Poniamoci una domanda: è più volgare essere un parrucchiere israeliano che soddisfa sessualmente le sue ottuagenarie clienti o essere il presidente di una potenza mondiale che bombarda donne, vecchi e bambini? La risposta per quanto mi riguarda è scontata, per questo sono convinto che Adam Sandler possa essere considerato uno dei più grandi intellettuali americani.
E non è una provocazione, magnifica giustificazione ogni volta che ci si accorge d’aver detto un’immane cazzata.

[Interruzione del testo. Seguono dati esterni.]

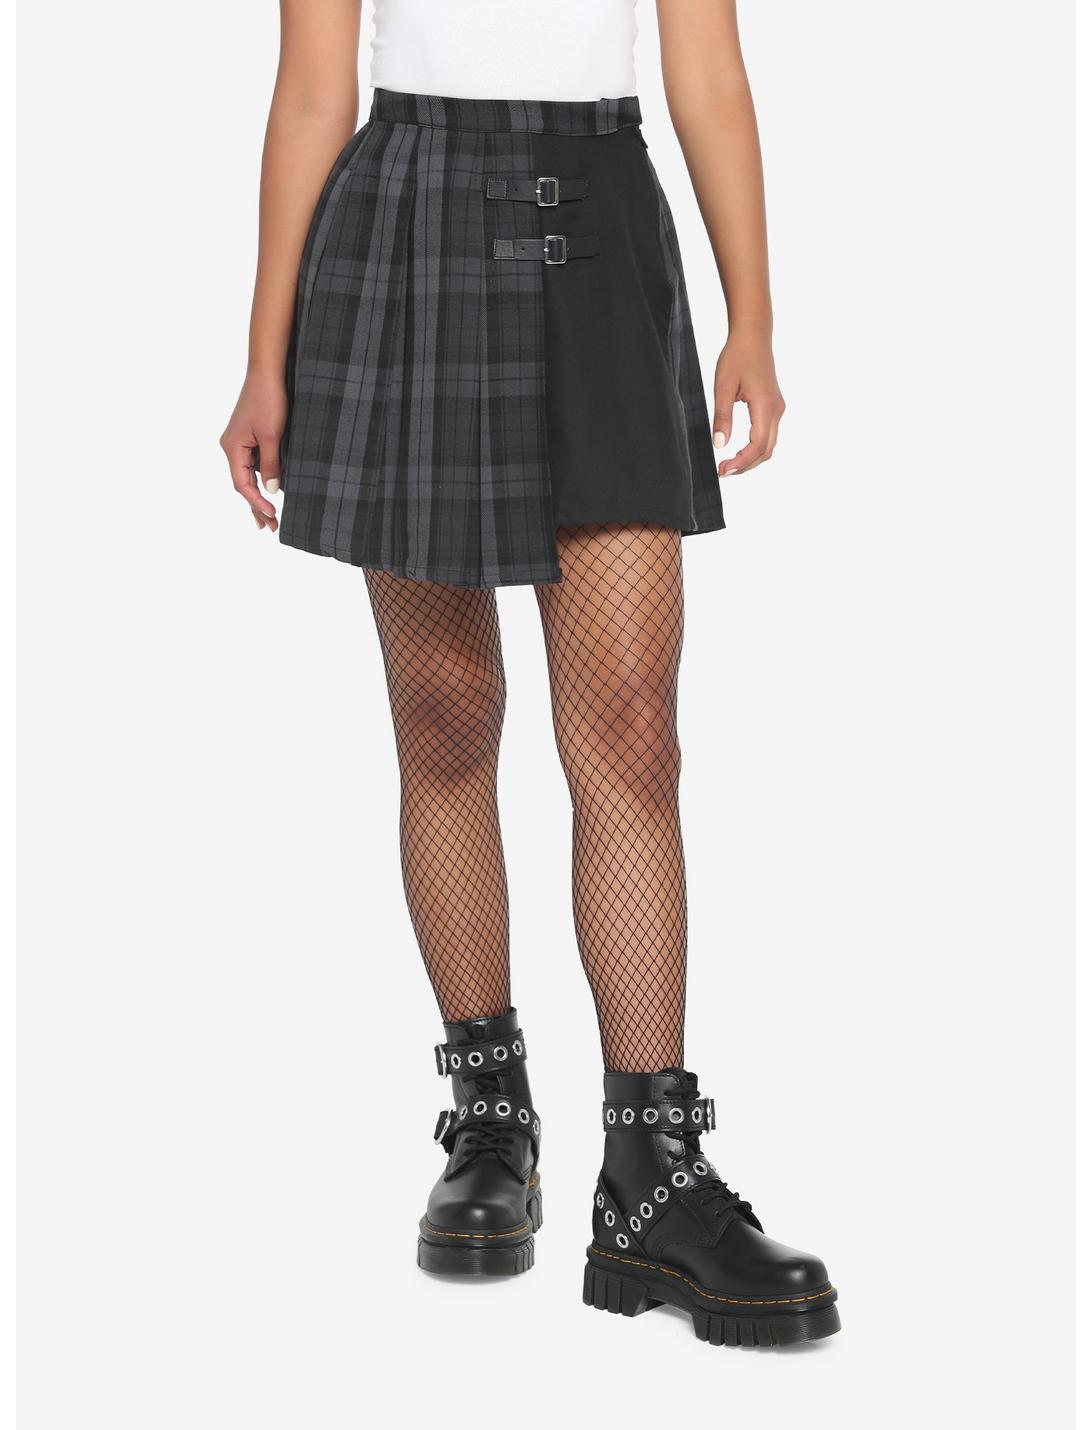 Black & Grey Plaid Buckle Asymmetrical Pleated Skirt, PLAID - GREY, hi-res

Il comico di Brooklin, infatti, arrivato a quarantadue anni e dopo una quantità impressionante di successi messi in fila negli ultimi dieci, ha dimostrato di non essere semplicemente un affabulatore di masse grazie alla sua comicità greve, fisica e grottesca. Sandler è un autore a tutto tondo, capace di affrontare con incredibile lucidità temi profondi e importanti con la sua poetica sopra le righe, lasciando lo spettatore divertito e inconsciamente arricchito.

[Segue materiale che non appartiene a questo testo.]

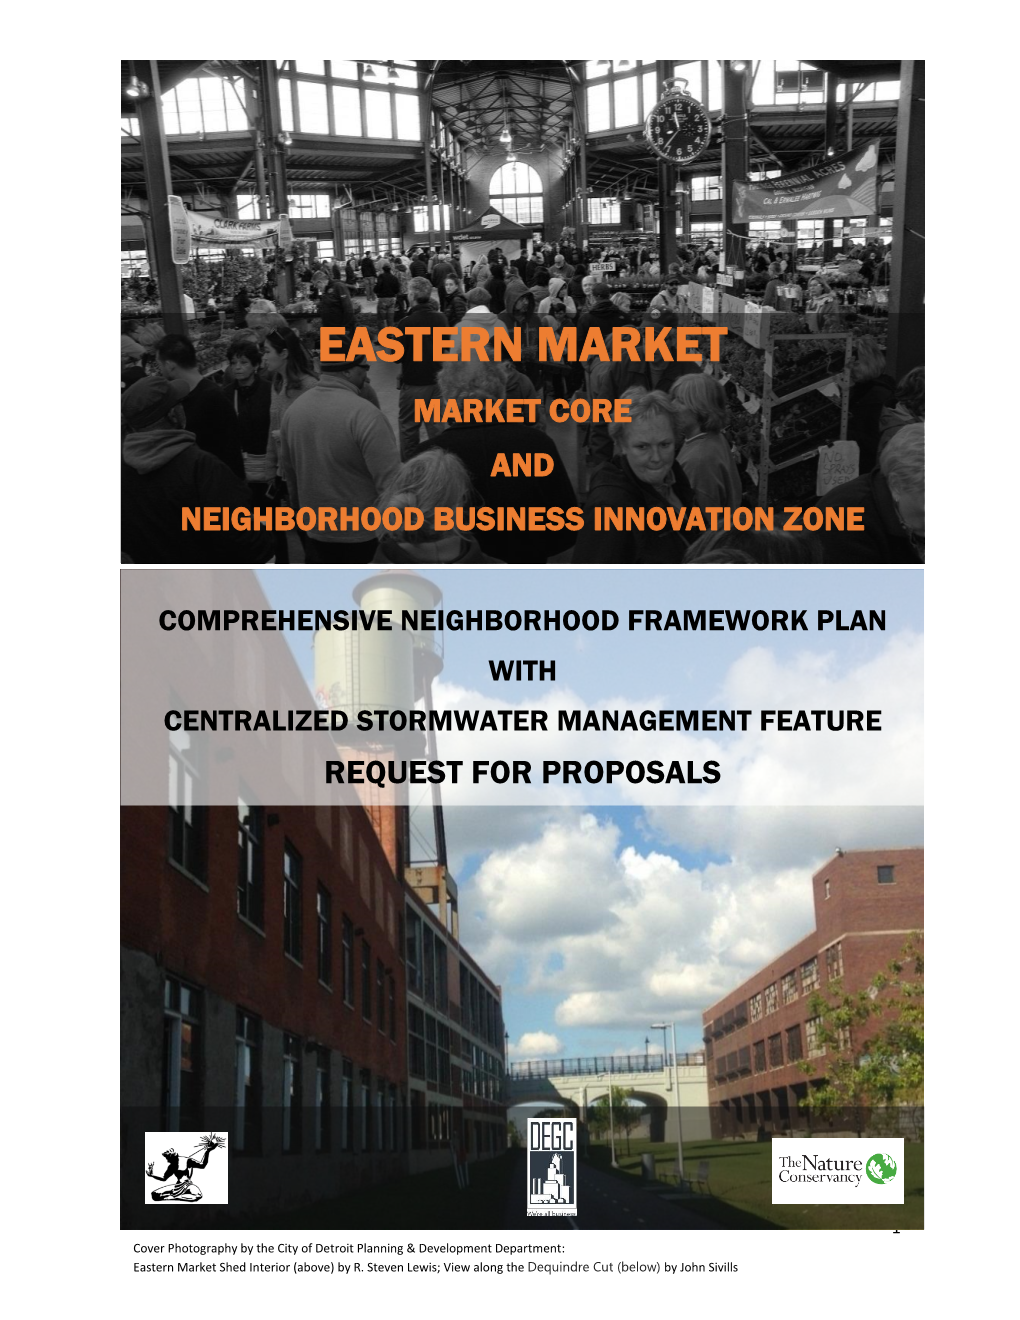 Eastern Market Market Core and Neighborhood Business Innovation Zone

Basti pensare alla complessità di un film come Click, esemplare opera capriana, un moderno La vita è meravigliosa in cui Sandler analizza in maniera spietata la corsa al successo che ha caratterizzato la società americana del regno di Bush II, relegando a una mera convenzione uno dei valori fondanti degli Stati Uniti d’America, ovvero la famiglia, istituzione che dovrebbe essere messa dinanzi a tutto.
Una poetica molto simile a quella dei fratelli Farrelly
Come loro Sandler ha una predilezione per la non convenzionalità del nucleo familiare, come ha dimostrato in molte occasioni. Da Billy Madison, praticamente il suo film d’esordio come protagonista, a Waterboy, fino ai più recenti The Wedding Singer, 50 volte il primo bacio, Spanglish e Zohan.

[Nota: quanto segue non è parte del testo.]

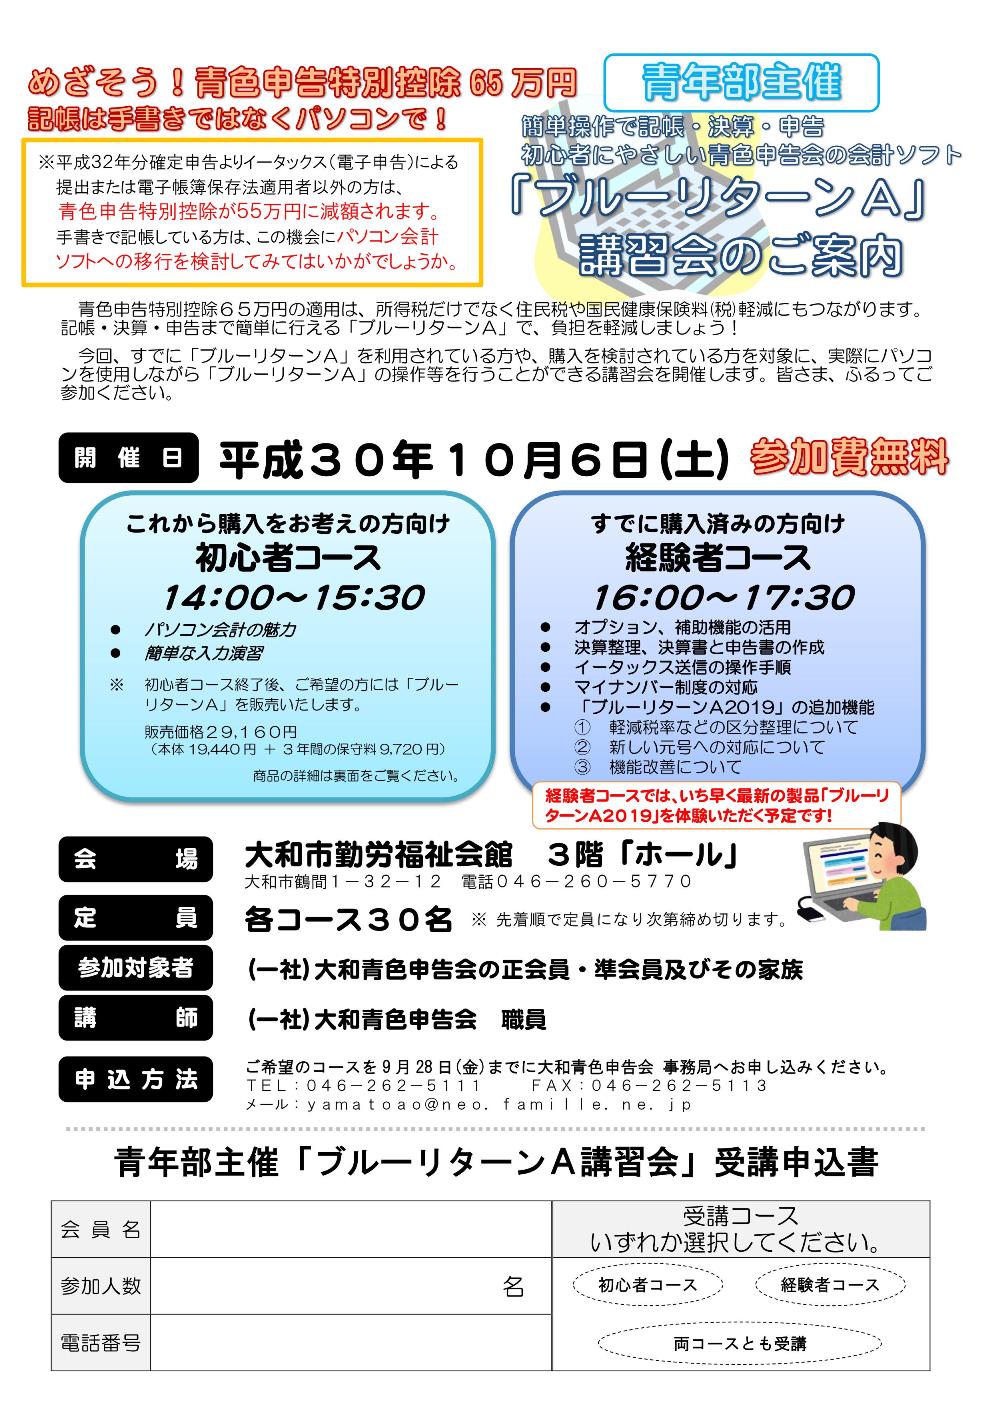 http://www.shokonet.or.jp/aoiro/yamato/news/seinenbu%20brakousyuukai_2018-10-06_01.jpg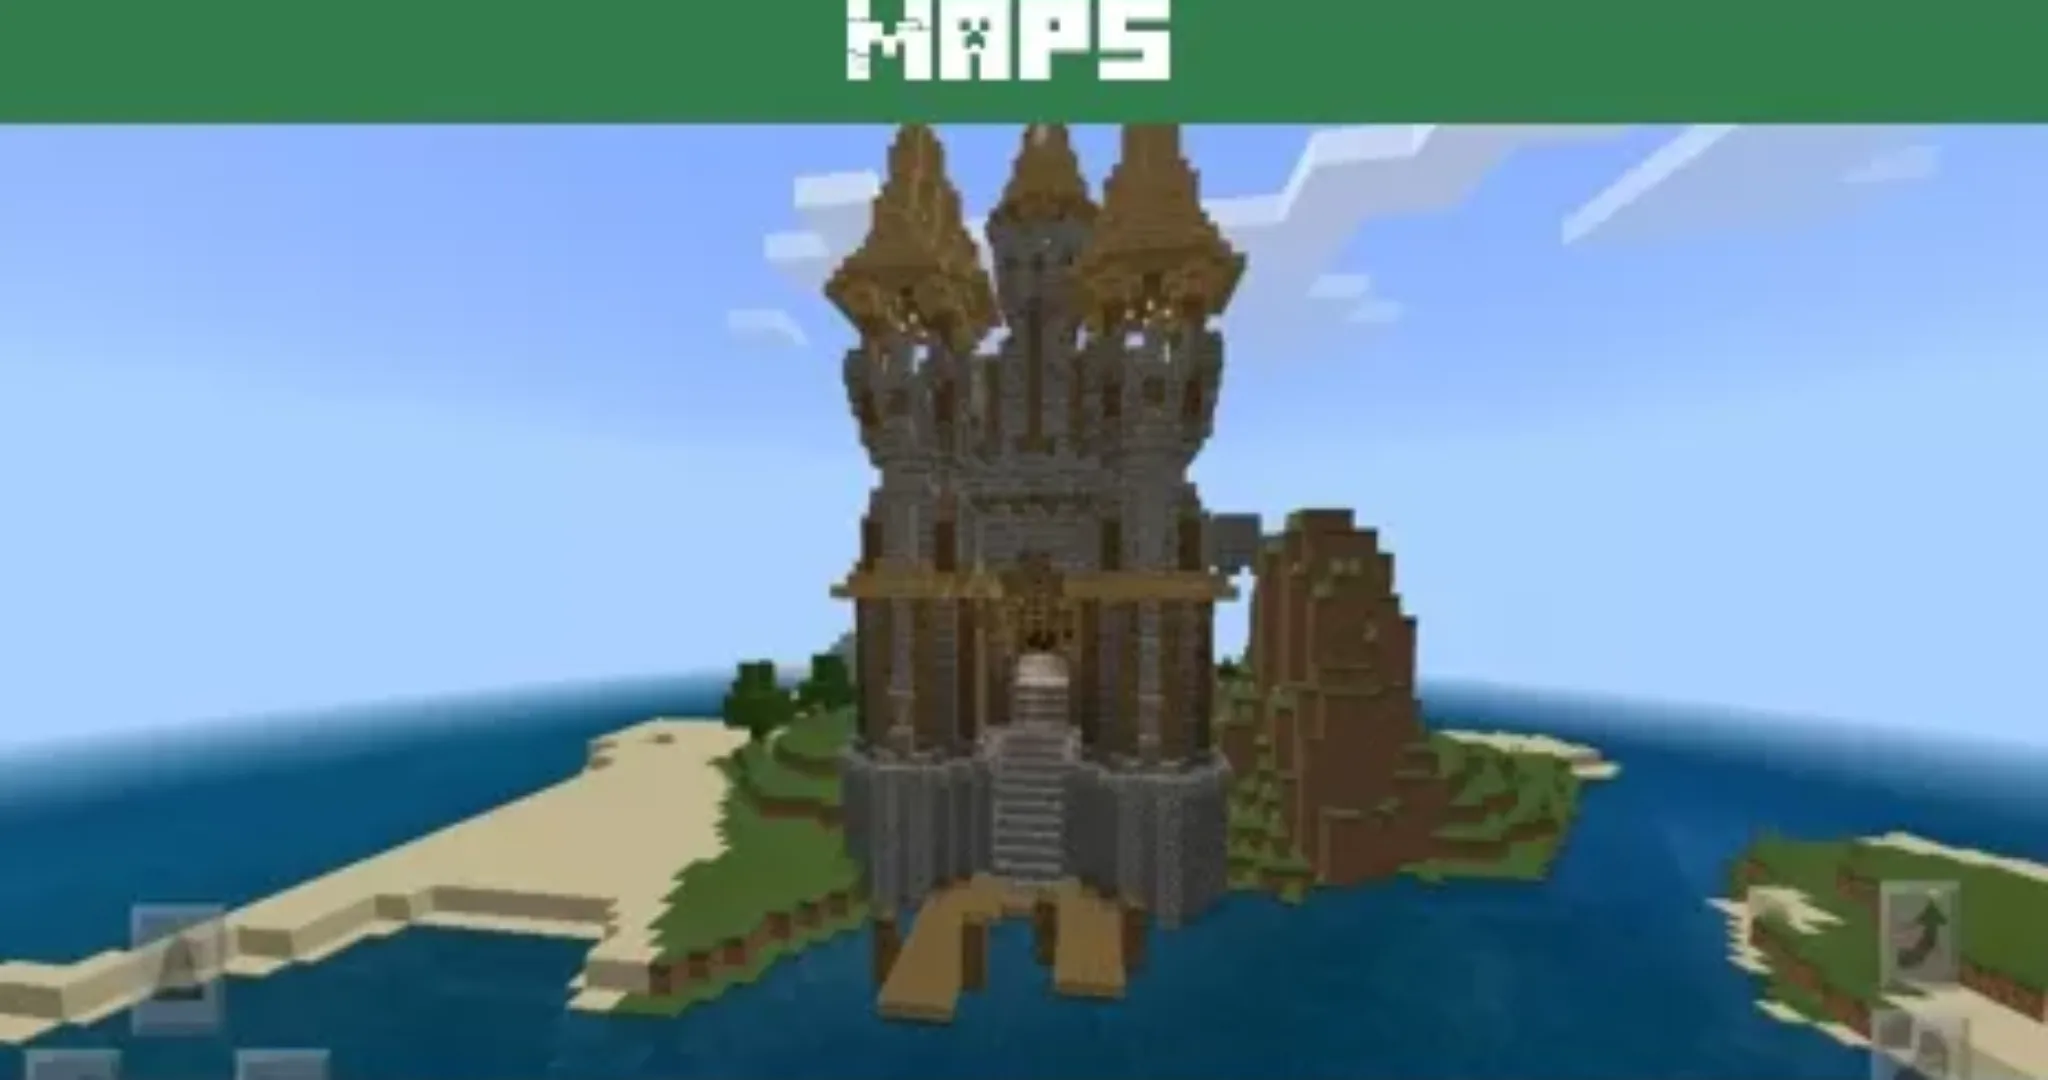 Island Castle Map for Minecraft PE

Un concetto che riporta anche nel lavoro, dato che Adam ama lavorare sempre con le stesse persone, dall’inseparabile Rob Schneider agli amici John Turturro e John McEnroe, fino ai registi Dennis Dugan, Frank Coraci e Peter Segal, che in tre hanno girato quasi tutta la filmografia dell’attore.
Ma sarebbe un terribile errore ridurre la carriera di Adam Sandler a quella di un comico, ruolo oltretutto difficilissimo come la storia del cinema insegna. Proprio la sua straordinaria sensibilità nei confronti dell’animo hanno convinto registi come Paul Thomas Anderson e James Brooks a offrire all’attore di Brooklin la possibilità di dimostrare il proprio valore. E se in Spanglish l’eccellente interpretazioni di Sandler non si riesce ad apprezzare in pieno a causa dell’eccessiva verbosità del film, in Ubriaco d’amore dimostra di essere il più degno erede di Jerry Lewis.
Adam Sandler è un artista
Uno dei più interessanti del panorama cinematografico americano degli ultimi vent’anni. Il suo progressivo passaggio a temi sempre più profondi e importanti denota la sua progressiva crescita professionale. Il desiderio di recuperare stilemi classici del cinema americano, come in Click e in Vi dichiaro marito e marito, e di affrontare temi come il matrimonio gay, la crisi tra Israele e Palestina (argomento a lui particolarmente caro, essendo di origine ebraica), l’integrazione razziale o l’11 settembre, come avvenuto nel sottovalutato Reign Over Me, ne fanno una delle voci più libere del panorama culturale contemporaneo.
Zohan ne è la dimostrazione
Sandler sintetizza la questione palestinese in pochissime battute distribuite con sapienza nel corso del film, intervallate da acconciature anni Ottanta (decennio feticcio per lui), coiti geriatrici e continui riferimenti a dimensioni e prestazioni dell’apparato genitale. Eppure, alla fine della visione, la convinzione è quella d’aver visto un film serissimo le cui linee principali di sceneggiatura sono pace, amore e libertà.
C’è da chiedersi cosa potrebbe fare Sandler se decidesse di passare alla regia, sebbene lui giuri e spergiuri che non ha nessuna intenzione di farlo. La sensazione è che potremmo trovarci di fronte a un meraviglioso cineasta iconoclasta capace di opere ai limiti della sovversione.
E di sovversivi nel cinema, e non solo, se ne sente sempre il bisogno.